Your assignment:
Your reply should set down word for word each line below from the one with "responsive designs" through the final line, both included, but none of the pictures.

Data segment:
────────────────────────────────────────
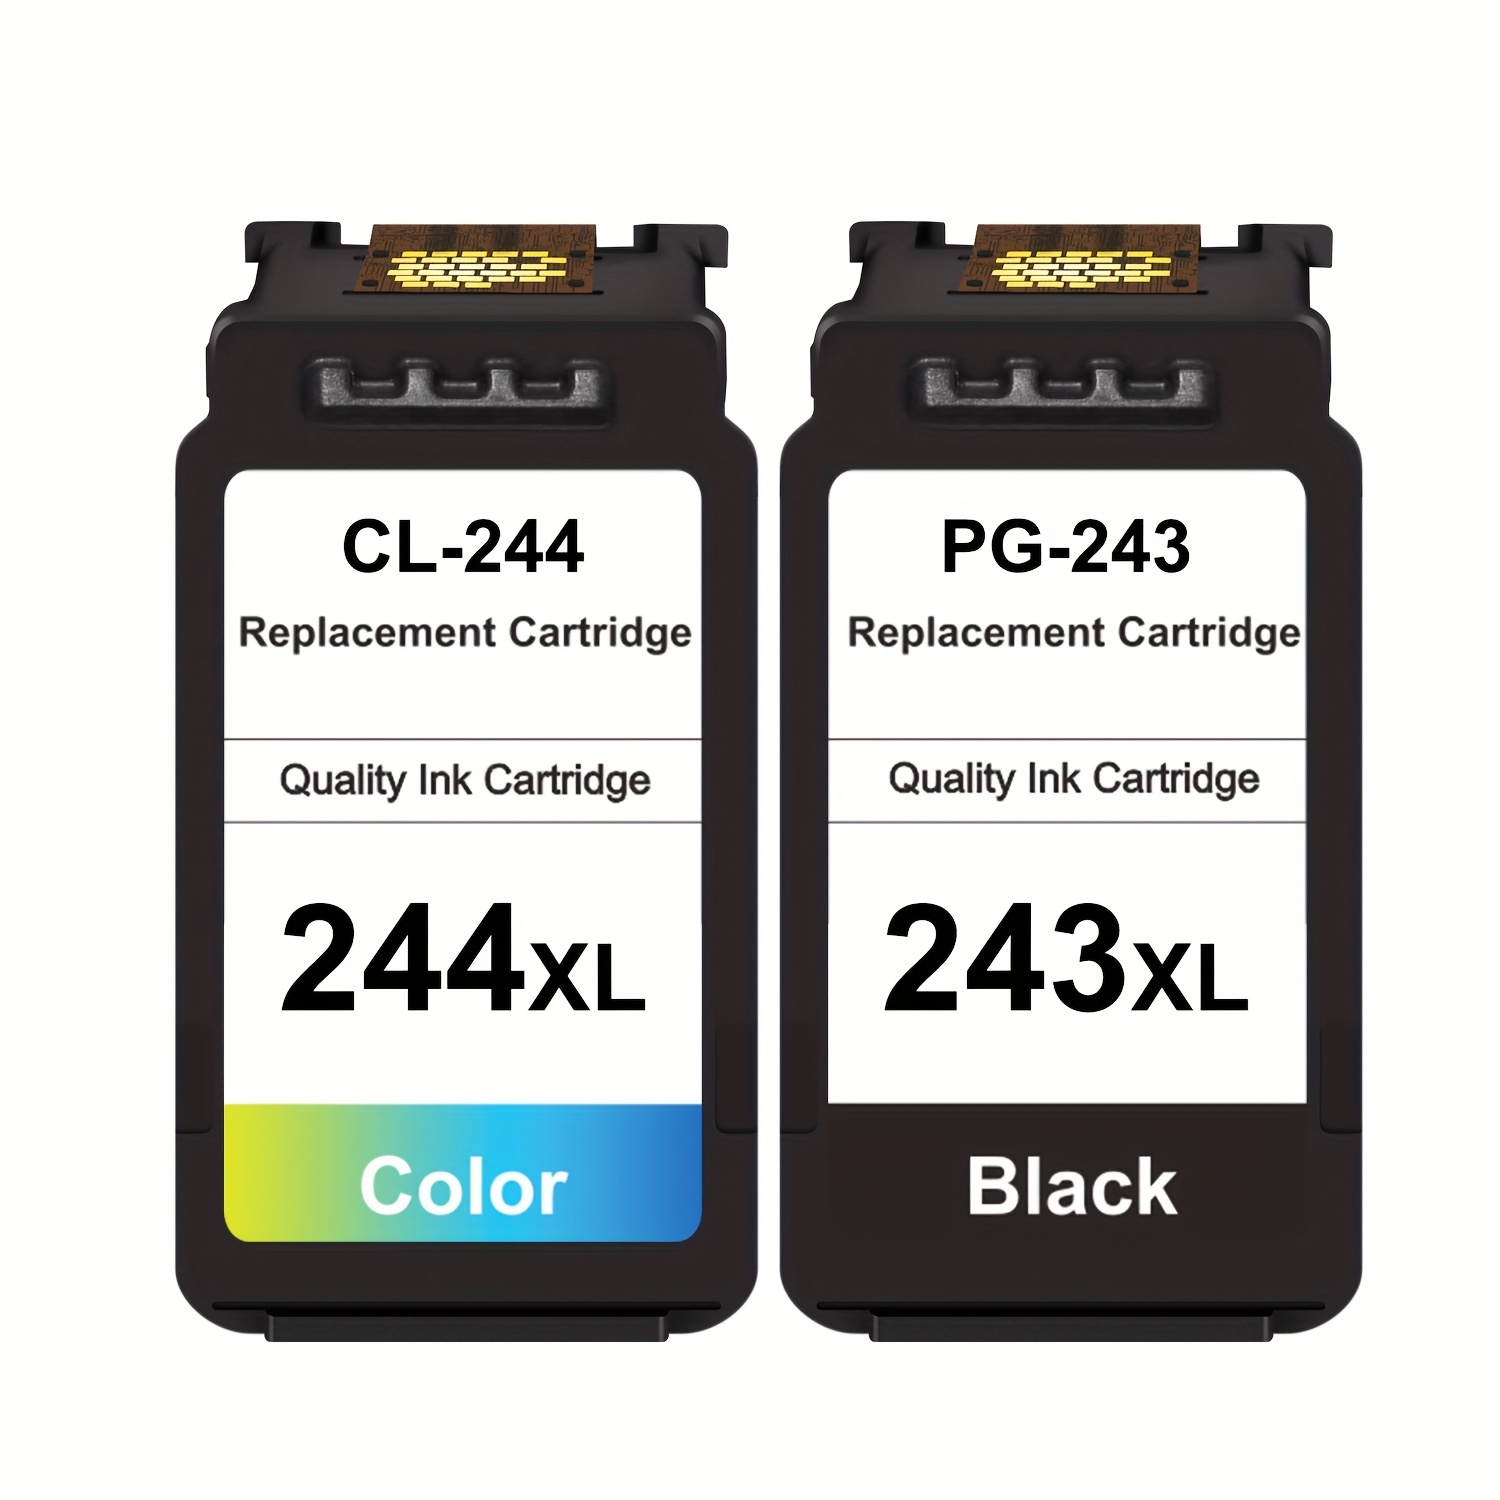 Original Canon Ink Cartridge PGI-580 Black for Pixma TS6150 TS8120
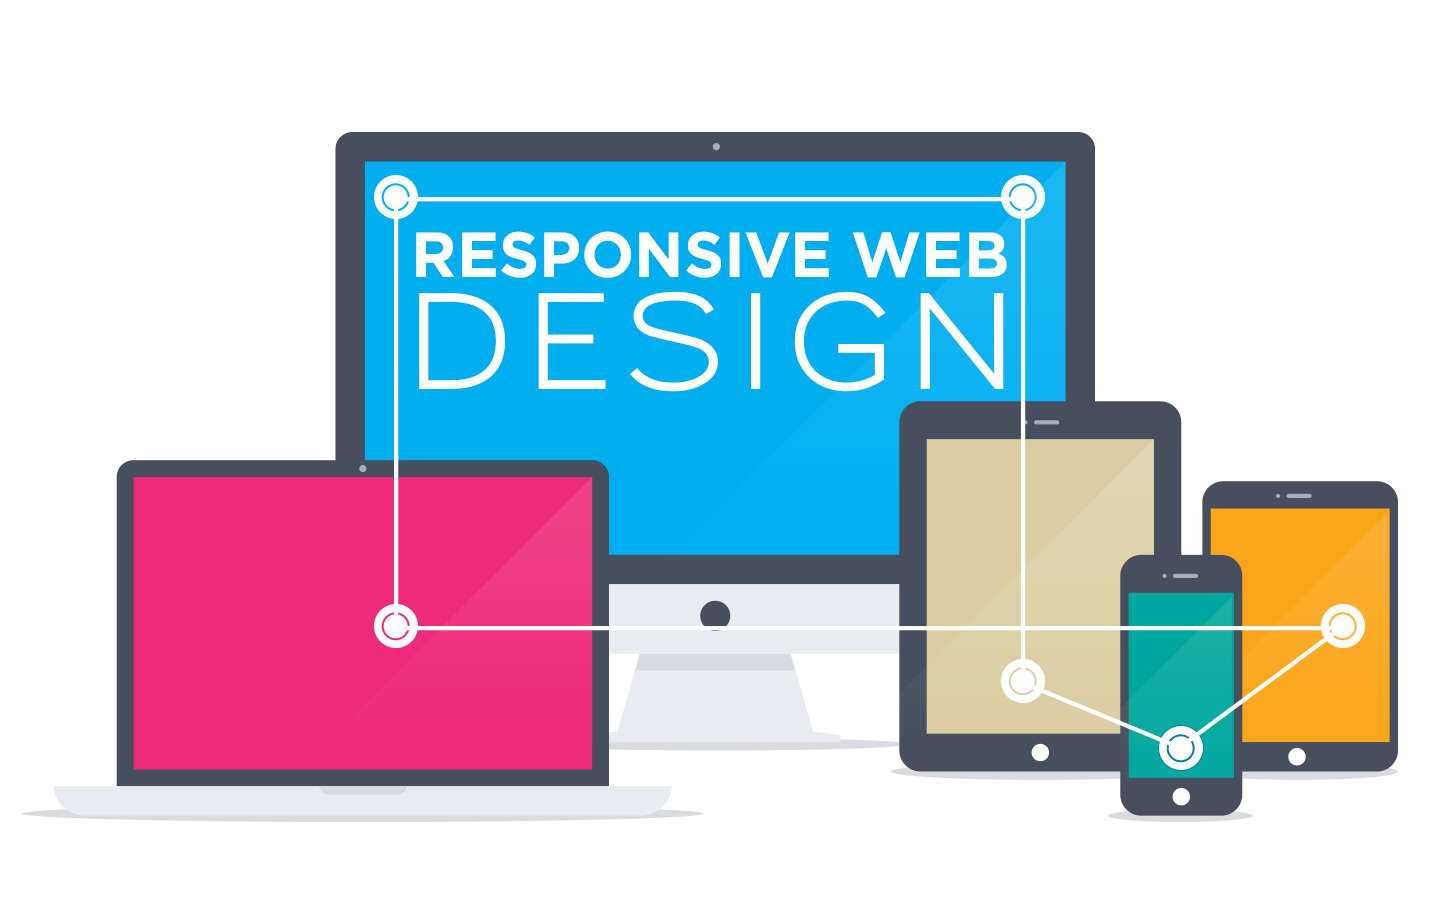 responsive designs
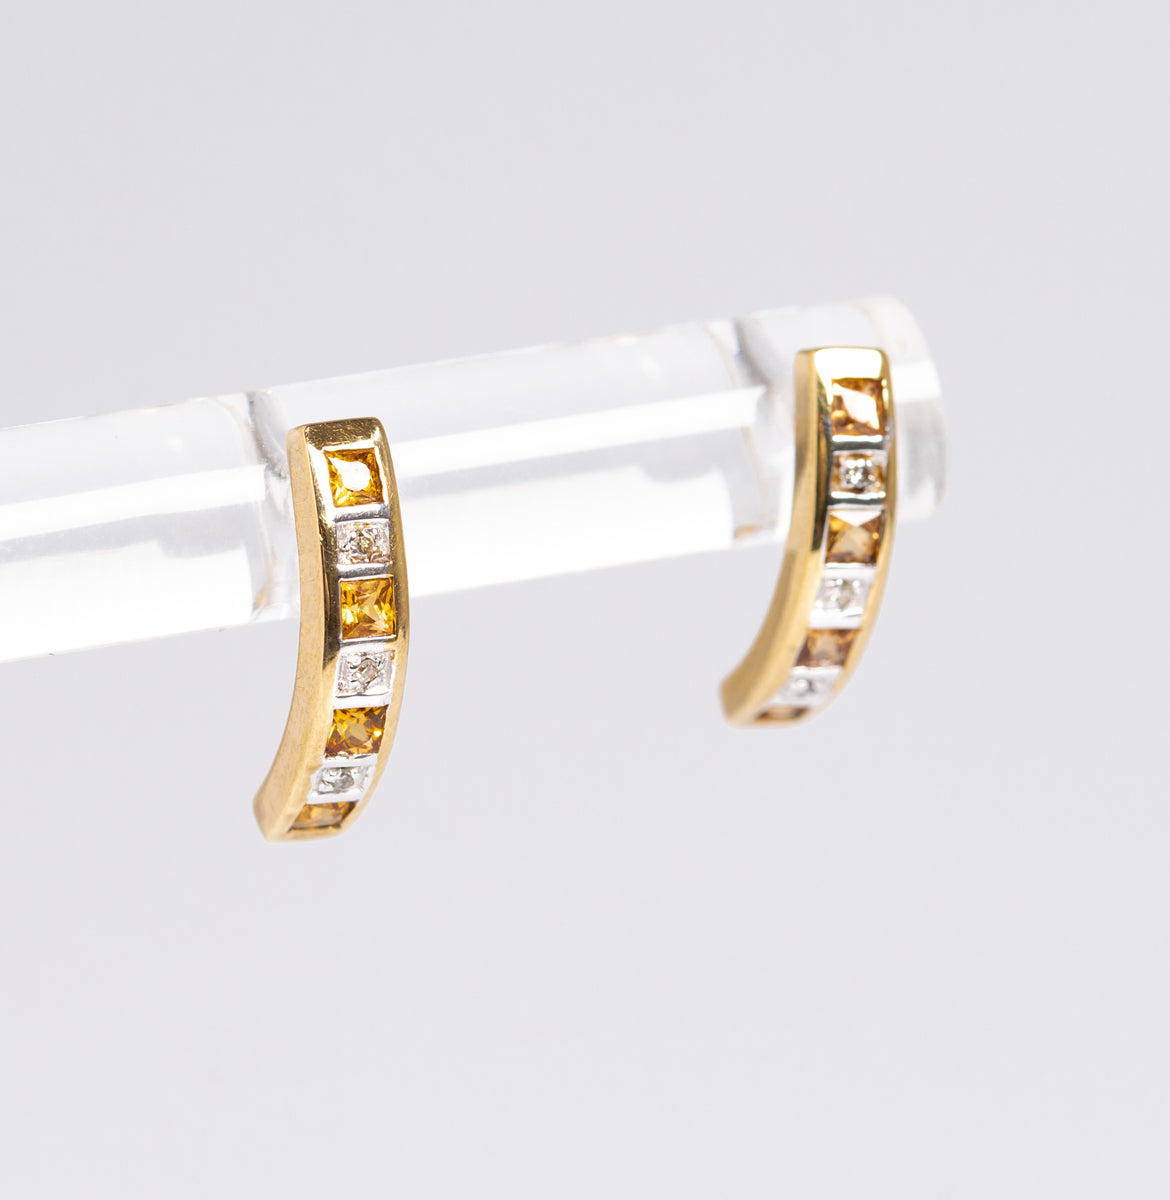 Citrine & Diamond Gemstone Pair Earrings In 9ct Gold Arc Shape Hallmarked 2006 (A1388)
────────────────────────────────────────
Response area:
 responsive designs
 Citrine & Diamond Gemstone Pair Earrings In 9ct Gold Arc Shape Hallmarked 2006 (A1388)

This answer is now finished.